When will we reach UP MARKET TERRITORY?!?!?!?!!

Go Faster Koolo!

 

The question on every investors mind: Is the January stock market rout over?

A difficult question to answer, there are a variety of reasons for both sides of the argument.

On the side of the bulls who say January is in the rear view mirror and only sunny days lay ahead for the markets, the reasons include a decrease in CoVid cases as the Omicron variant seems to have done its job by spreading fast, being a milder version and providing a faster herd immunity benefit. Easy money from the Fed over the past two years may continue to juice the markets while the reopening trade continues to gather steam as consumers’ tire of being at home and are apparently spending and traveling like crazy. Comparative earnings reports that looked back on the lean months of the shutdowns now show the consumer is alive and well and apparently loaded with cash.
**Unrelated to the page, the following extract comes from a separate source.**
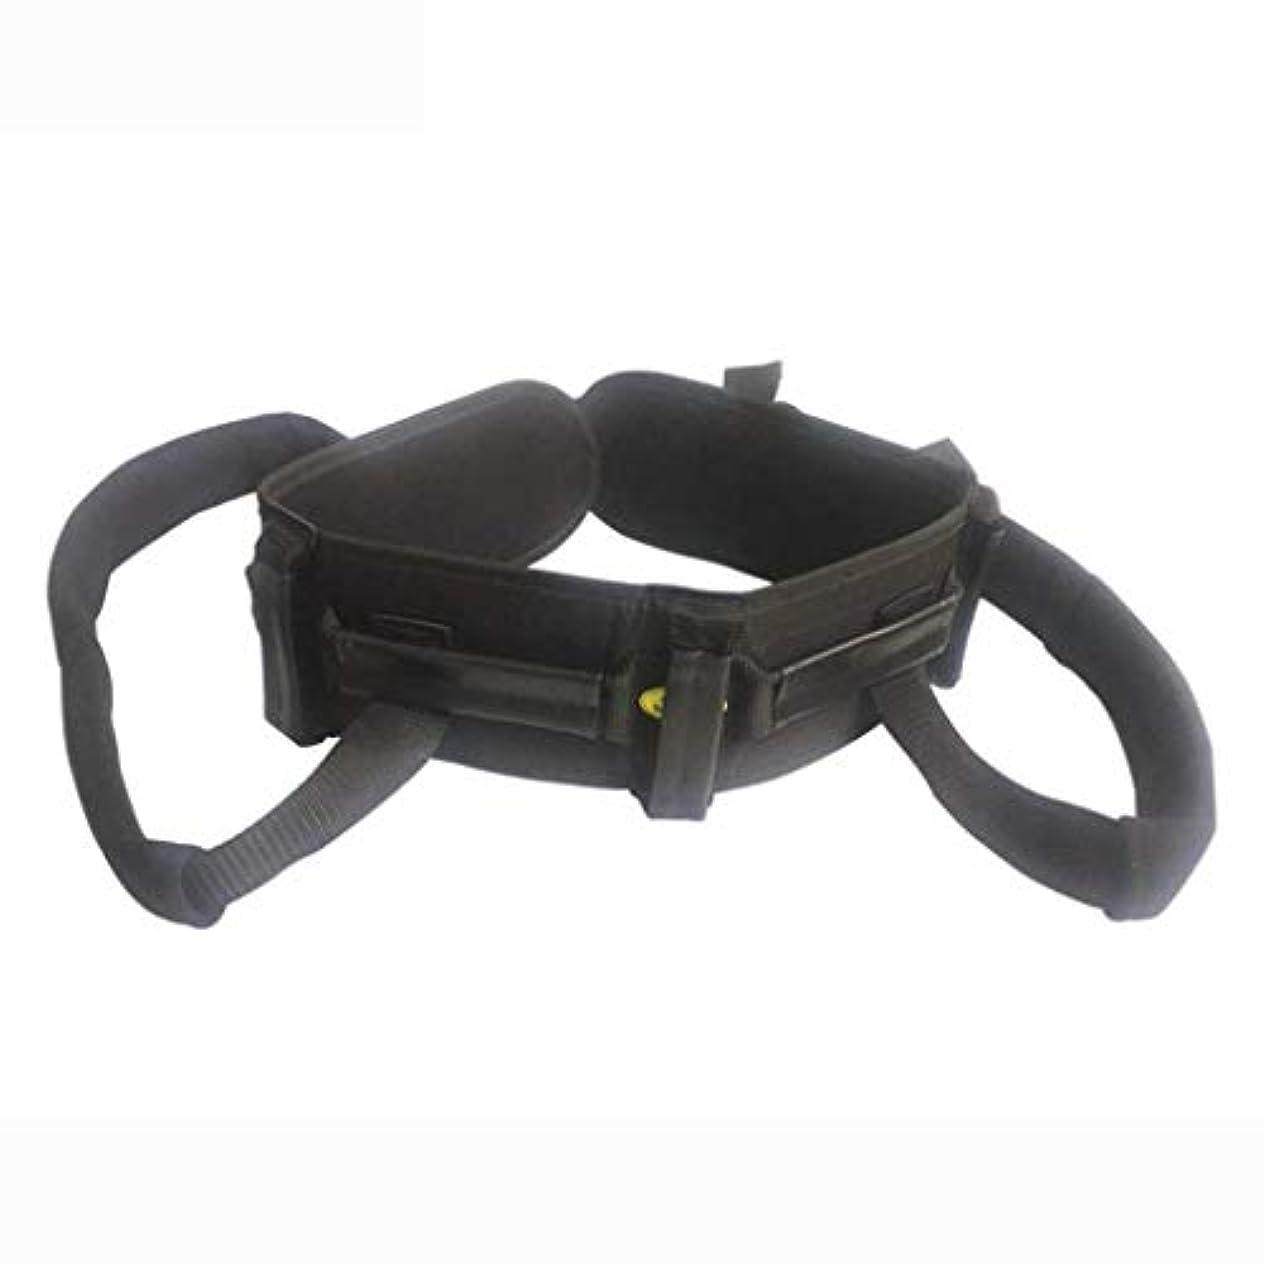 リンク基本的な破裂歩行ベルトトランスファーベルト付きレッグループ医療用リフトスリング患者ケア安全ウォーキングヘルスナーシングベルト歩行補助器具

A less contentious political environment compared to the Trump years, and a new year to look forward to. The not-so-fast bear market fans who fear more crash helmets will be needed in 2022 point to the January barometer which states as goes January in the markets, so goes the rest of the year. Inflation is rampant and that will stress out consumer pocket books, while also making the FEDS cut back on bailout packages and their current greasing of the financial wheels through Quantitative Easing.
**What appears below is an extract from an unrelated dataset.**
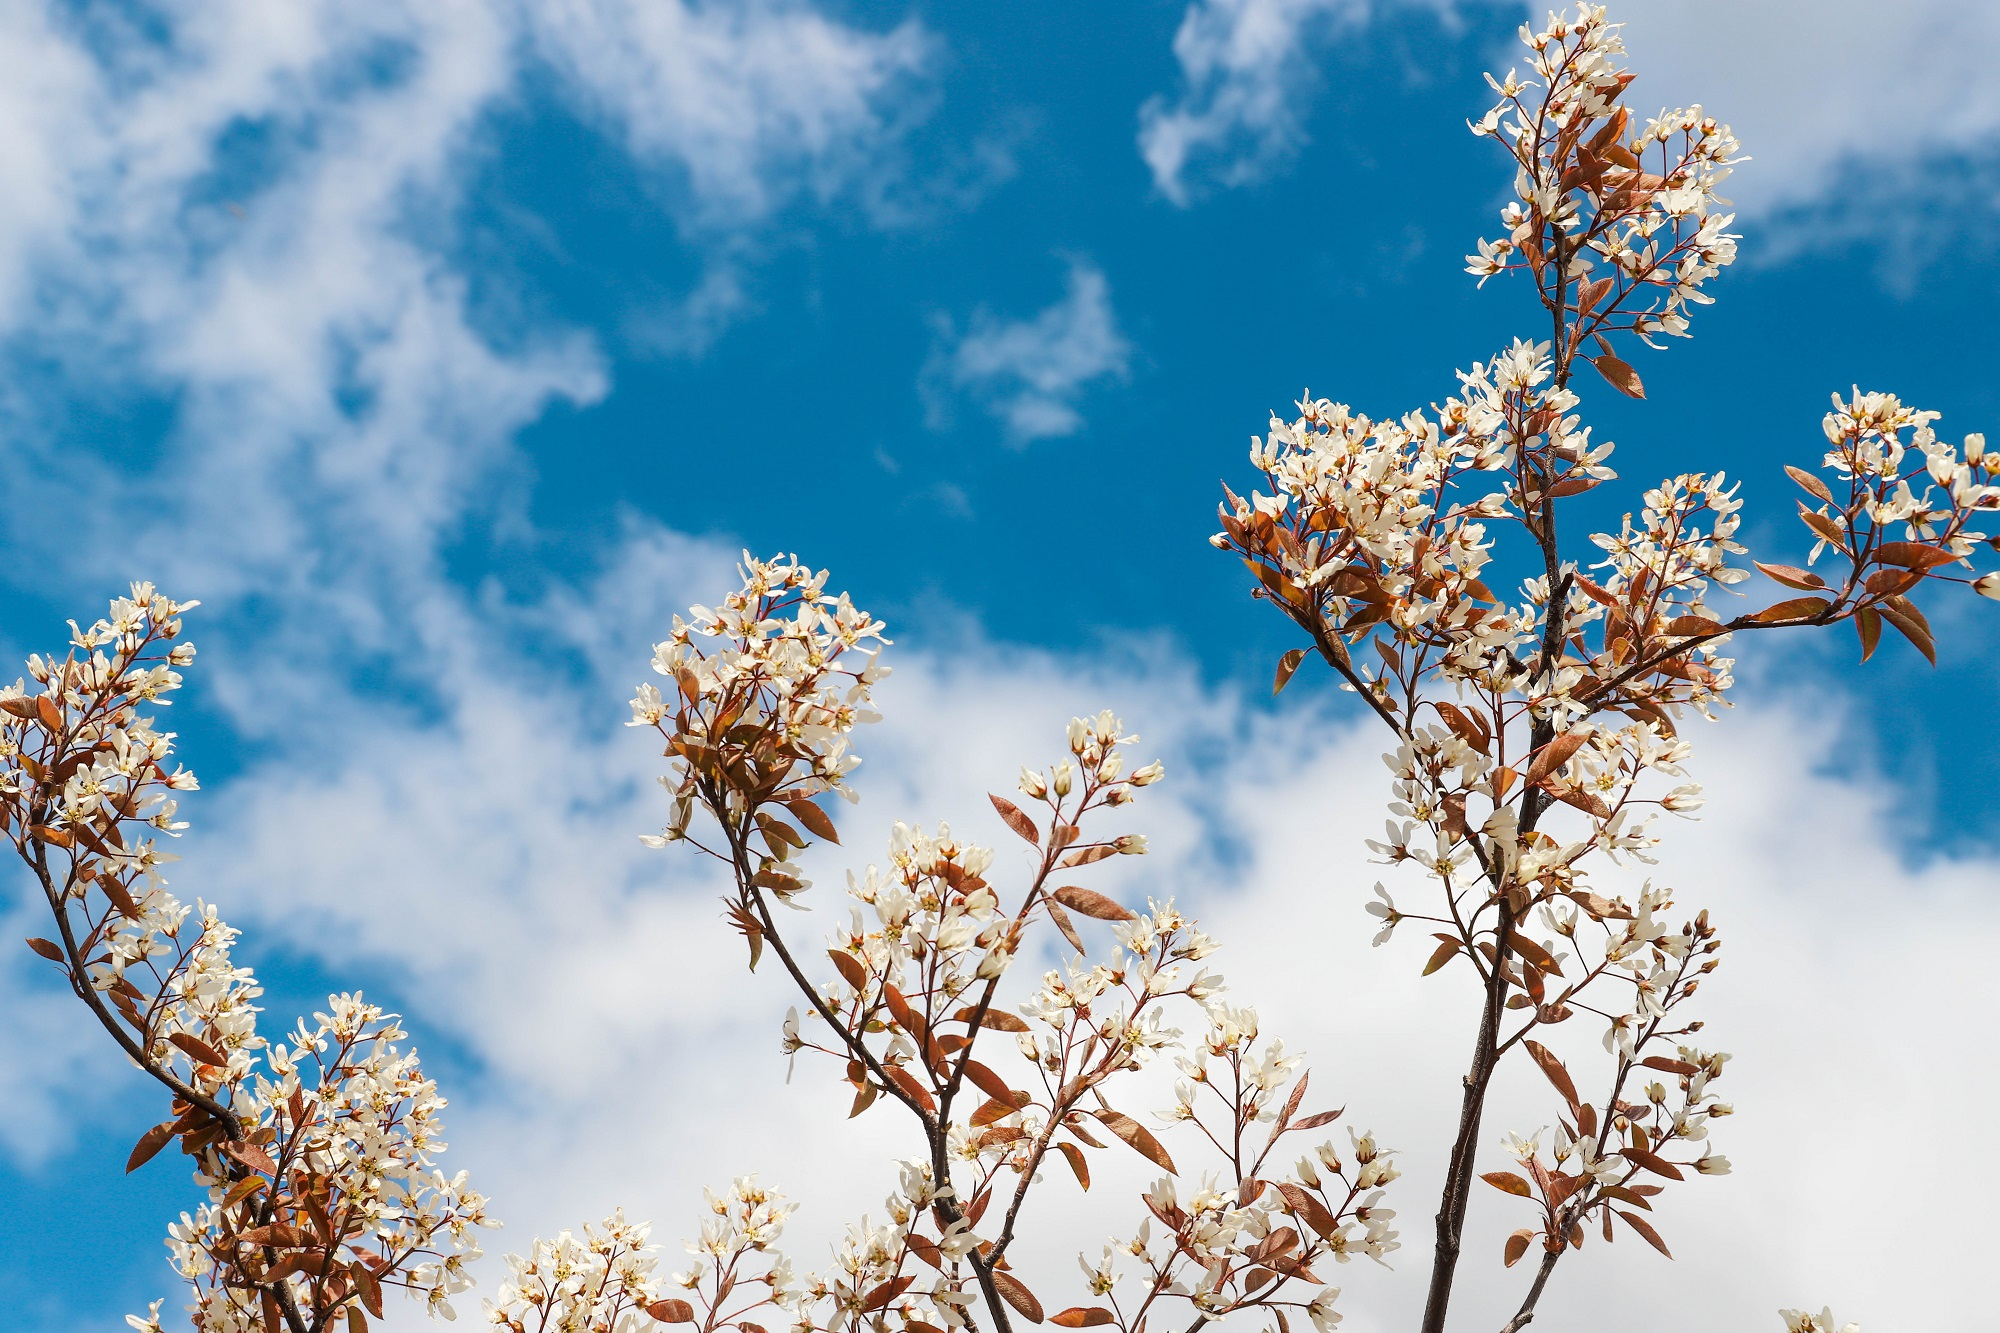 bloemen planten lente

LINK HERE: (https://www.businessinsider.com/quantitative-easing#:~:text=Quantitative%20Easing%20(QE)%20is%20a,and%20results%20in%20economic%20growth. )

Adding to the bear’s argument the market is headed for more trouble is Russian saber rattling, the threat of another CoVid variant uprising and massive supply side shortages.

I have to admit, both sides present a believable argument. I don’t lean one way or the other. A rare position for this analyst. Not that I don’t think inflation is serious. It is. Nor do I deny FED money will find its way into the markets, as FED money always does. After all, many argue Wall Street runs Constitution Avenue and its inhabitants. I agree.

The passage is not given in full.